American attorney and developer

William Clifford Hogg (January 31, 1875 September 12, 1930) was an American attorney, developer, civic activist, and philanthropist.

==Early life==
William Clifford Hogg was born on January 31, 1875, in Quitman, Texas, the eldest child of Sallie (Stinson) Hogg and James Stephen "Big Jim" Hogg. Jim joined the Texas bar not long after the birth of his first son. Hogg grew up as his father pursued a political career, first gaining election as Wood County attorney in 1878, District Attorney in 1880, and Texas Attorney General in 1886. Three younger siblings were born during this time: Ima Hogg (c. 1882), Michael (1885), and Thomas Elisha (1887). The family moved to Austin in 1886, when Jim accepted his first statewide position, first living in a boarding house before moving into their own single-family house on Fourteenth Street. Hogg was 15 years-old when they moved into the Governor's Mansion.

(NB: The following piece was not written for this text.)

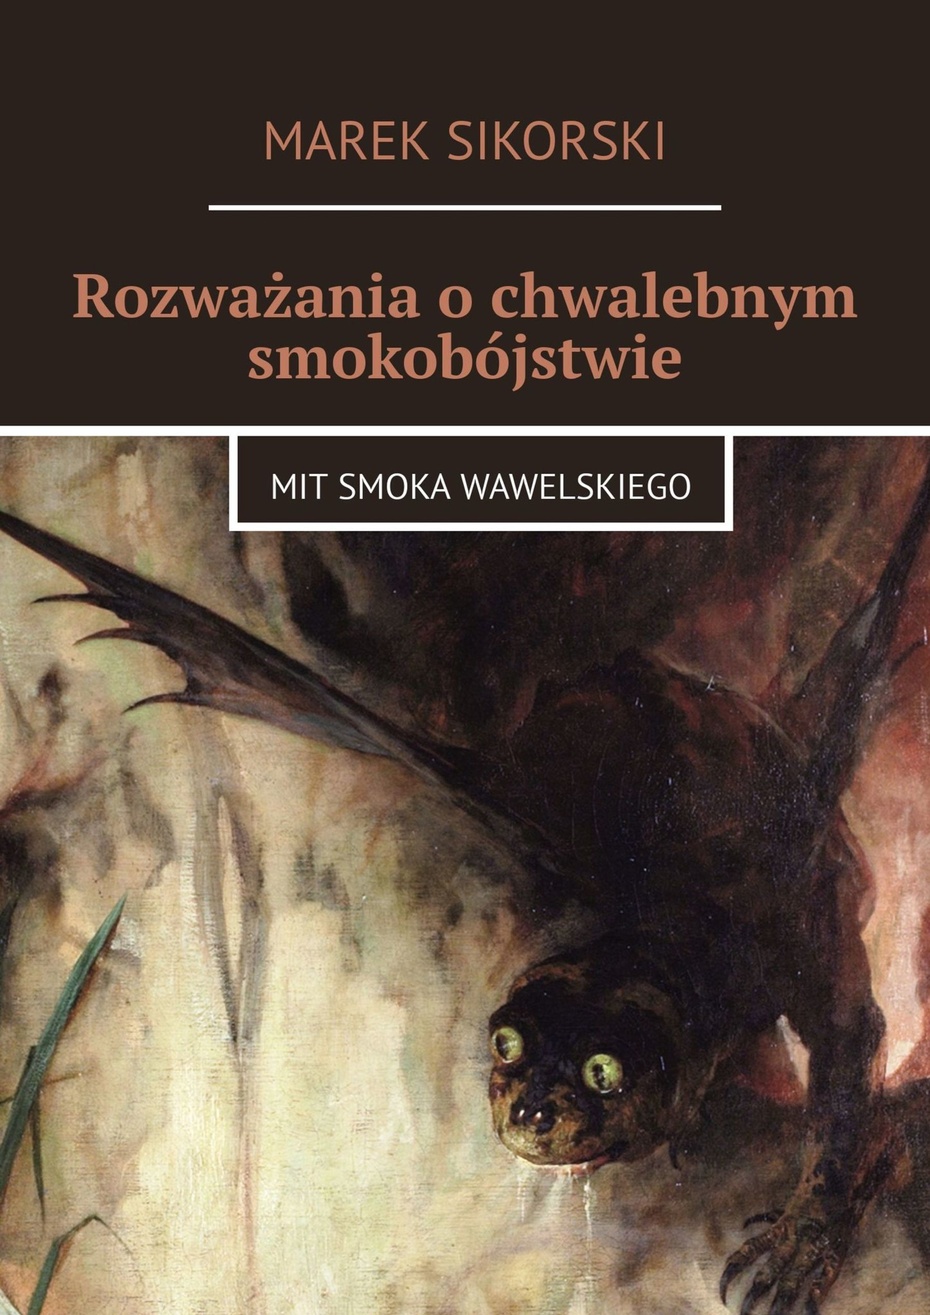 Marek Sikorski,  "Rozważania o chwalebnym smokobójstwie. Mit smoka wawelskiego"

Hogg attended public schools, and briefly attended a secondary school near Tyler, Texas, before enrolling at Southwestern University. He considered a career in ministry, though he changed his curriculum at the University of Texas, where he earned a law degree in 1897.

==Career==
After graduation, Hogg worked as an attorney in San Antonio, Austin, and St. Louis.

Hogg worked for and was a friend of Joseph S. Cullinan and helped found the American Republics Corporation. In 1924, Hogg with his brother Mike and his old college friend, Hugh Potter, started a plan for an exclusive subdivision west of downtown Houston. They purchased 1200 acre of land, which included a fledgling country club. Rather than just acting as subdividers of suburban lots, they adopted an approach of "comprehensive planning".